GOAL OF THE EXERCISE:
Since pictures are not part of the copy, please output only the lines from the one with "SANDMARC Filter Comparison Guide" through the end of the data below, exactly as written.

BEGIN EXERCISE DATA

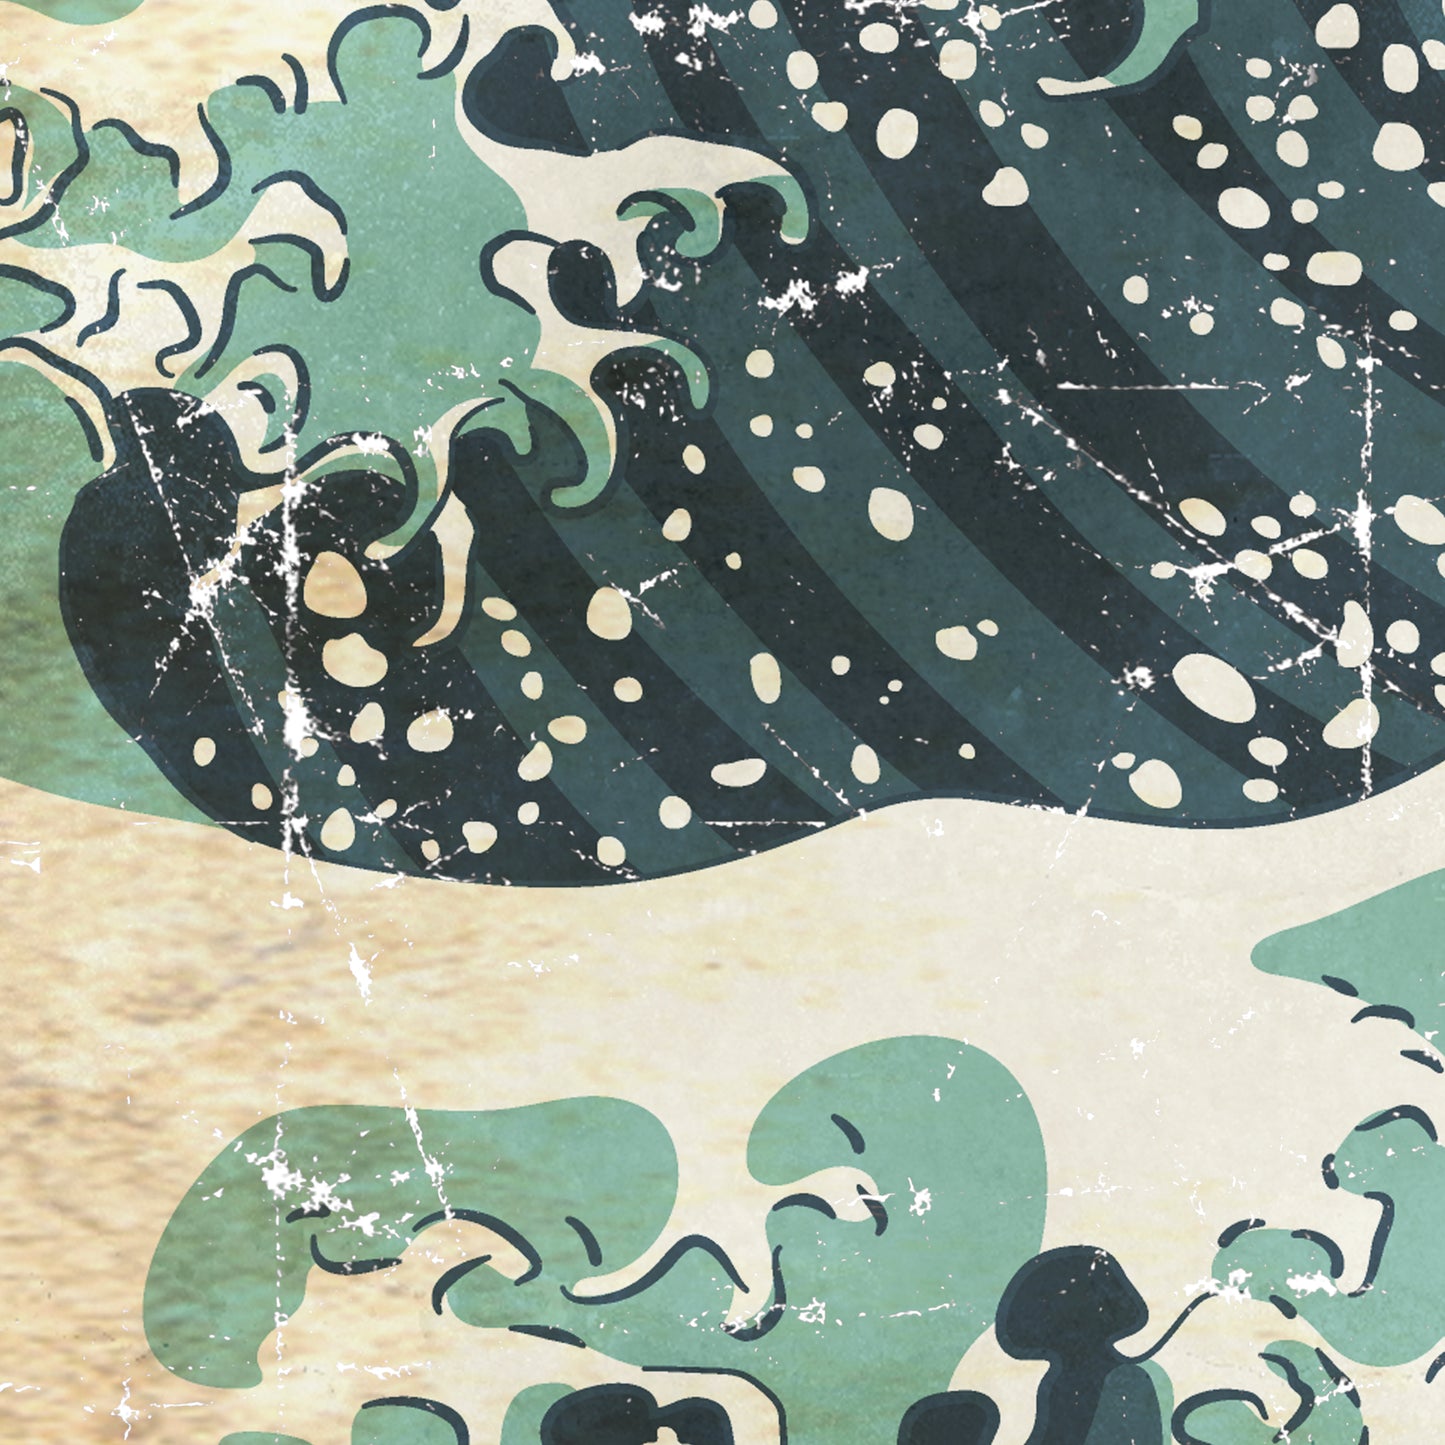 Kanagawa Wave on Papier froissé (Wrinkled paper)
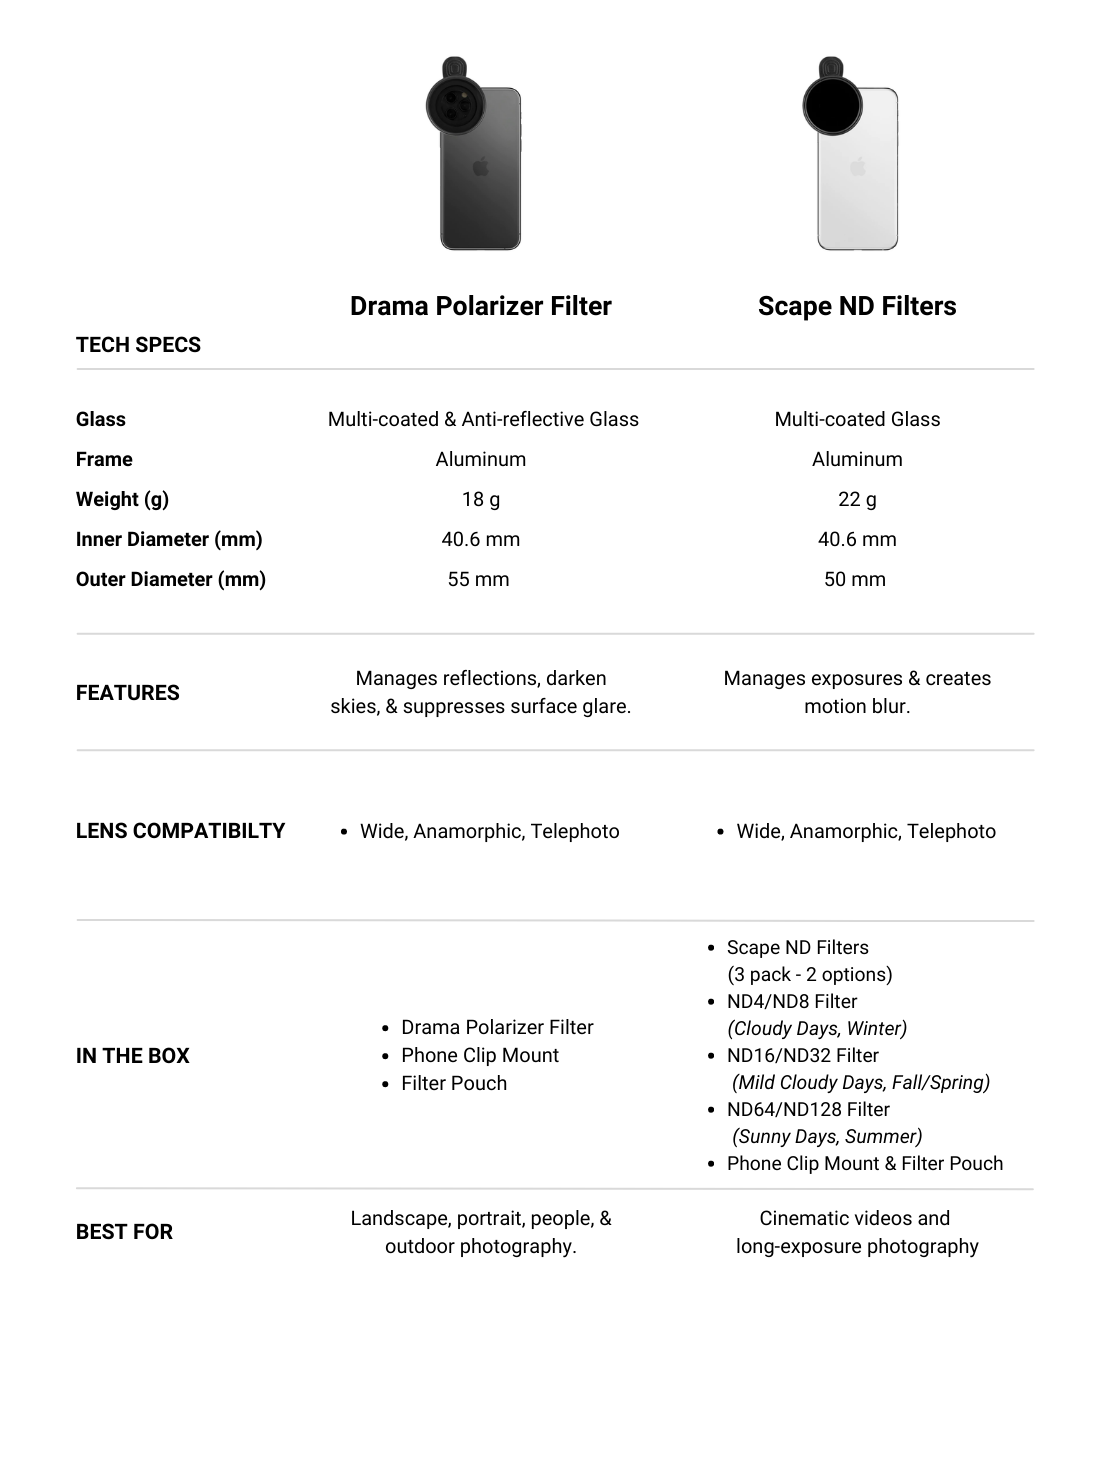 SANDMARC Filter Comparison Guide
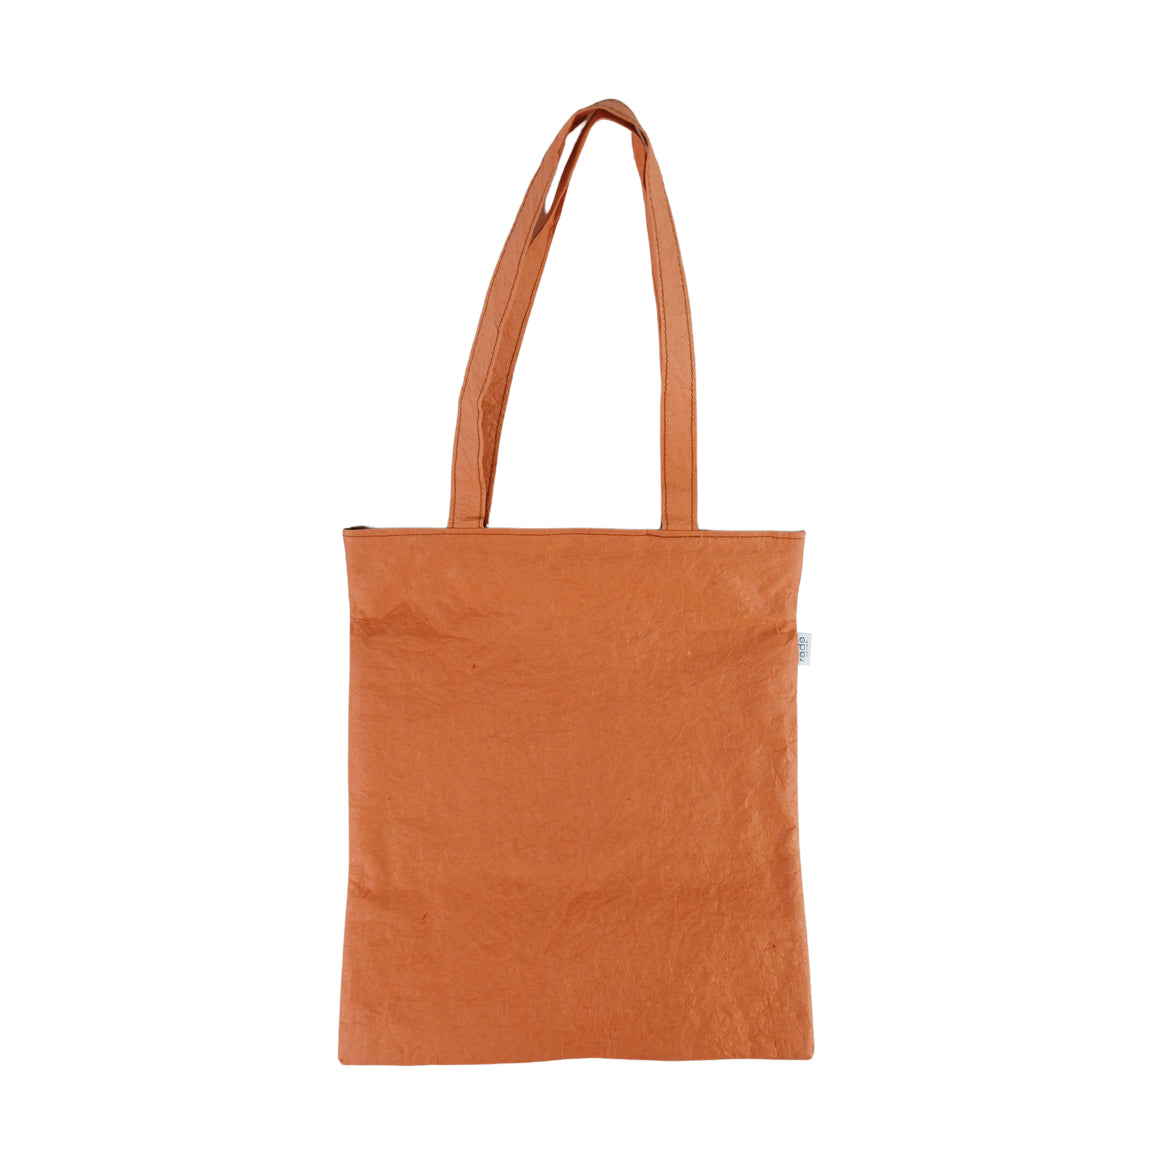 Paper Leather Tote Bag - RADA COLLAB

END EXERCISE DATA

RESPONSE TO THE TASK:
 SANDMARC Filter Comparison Guide
 Paper Leather Tote Bag - RADA COLLAB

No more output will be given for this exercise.